At present, 70% of hotels in Chiang Mai have reopened and more suspended businesses will resume in the third quarter when large Chinese tour groups are allowed to travel abroad, said Mrs La-iad.

She said increasing non-stop flights between cities in China and Chiang Mai is a sign of the gradual recovery of the mainland market.

Thanet Supornsahasrangsi, president of the Tourism Council of Chonburi, said even though the new phase of We Travel Together might offer fewer rooms, it is better than no subsidy.
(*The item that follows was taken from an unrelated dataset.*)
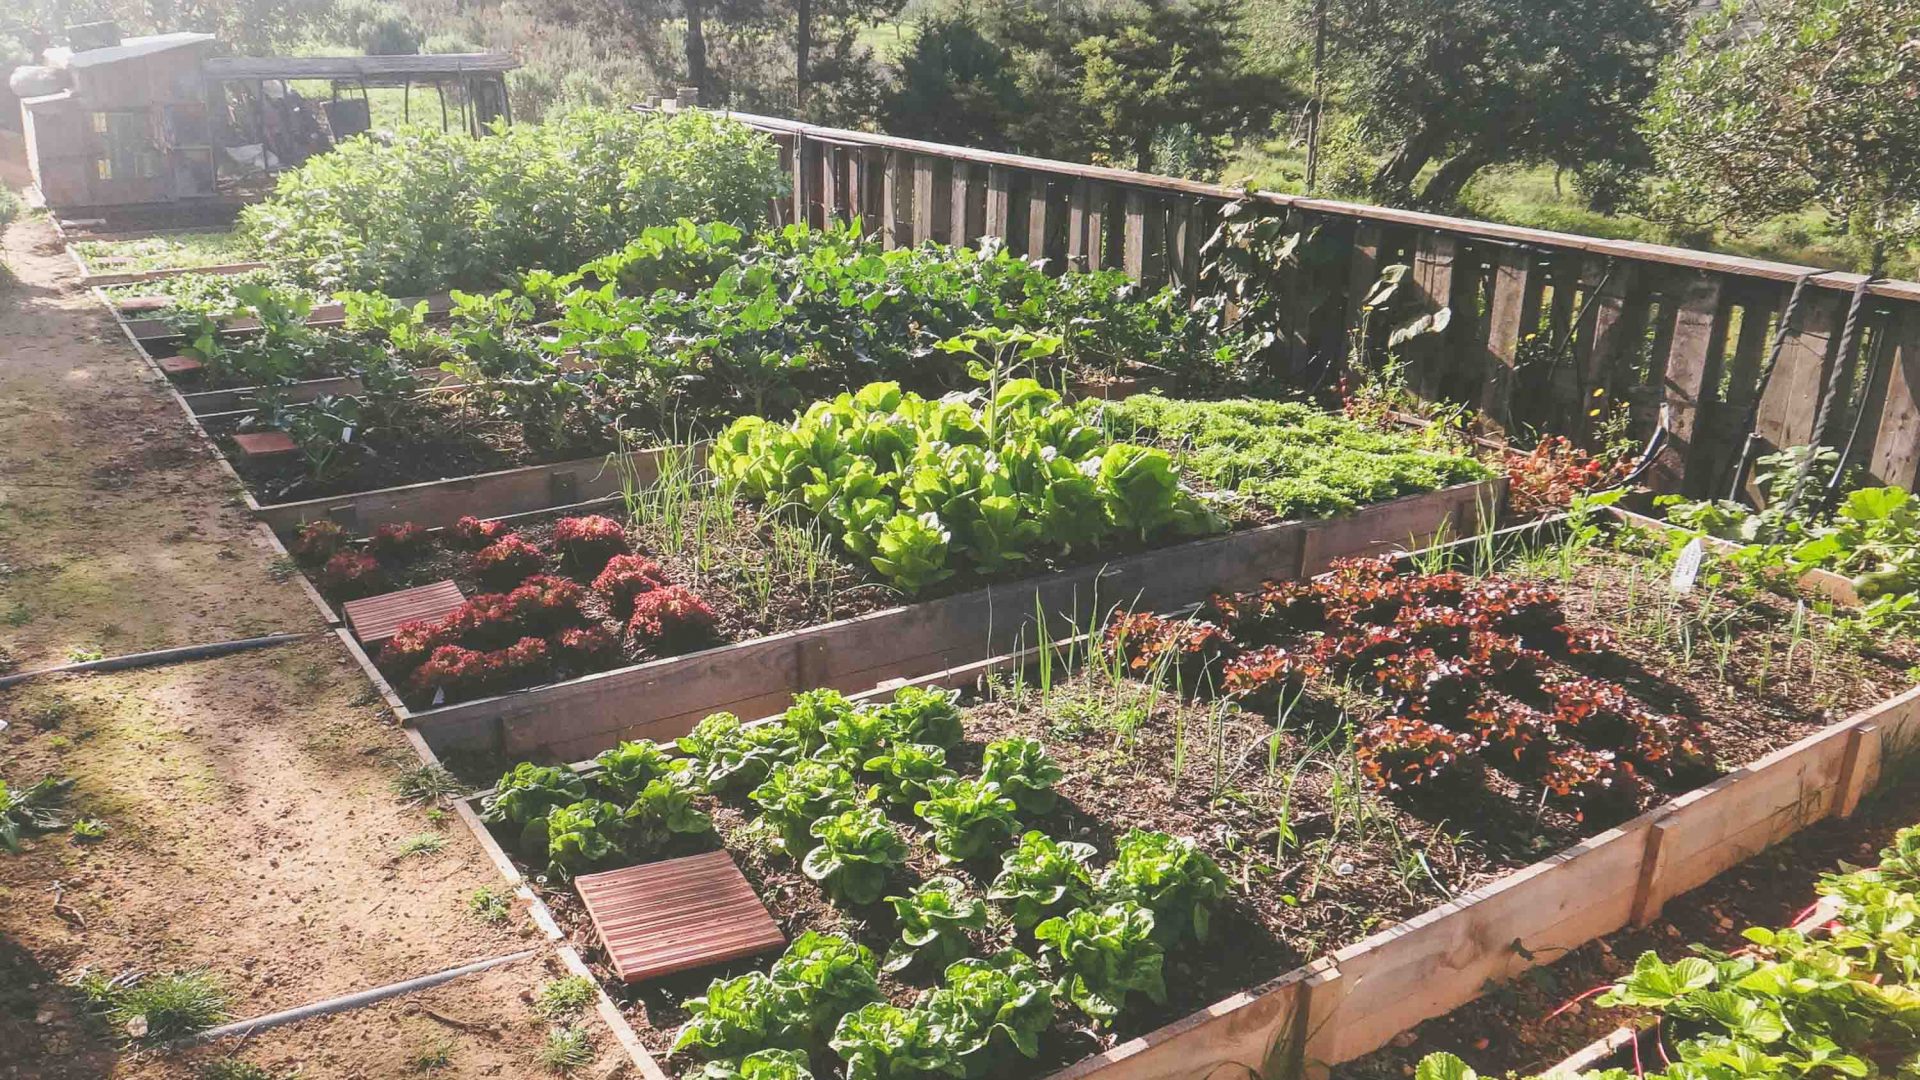 The 14 vegetable gardens at Casita Verde use recycled water.

He said Pattaya last year was dependent on the domestic market, accounting for 80% of visitors, up from about 45% before the pandemic.

Pattaya has welcomed more foreign tourists recently, but operators still have to diversify risks to as many markets as possible, said Mr Thanet.

However, he said bookings from local tourists could dip from last year because many countries have reopened without restrictions, luring more Thais to set aside their budgets for outbound trips.

Mr Thanet said the scheme has a flaw as it tends to benefit four- and five-star hotels, international branded properties as well as those with beachfront locations, rather than small or unbranded hotels.

The government can help create inclusive growth by supporting other groups, such as student tourists, to choose those hotels, he said.

Mr Thanet said the hotel occupancy rate in Pattaya during the cool season was 60-70%, thanks to long-stay foreign tourists, largely from Europe and Russia, while the room rate is still 30-40% lower than the pre-pandemic rate.

Hotels that previously targeted the Chinese market remain closed at the moment, he said.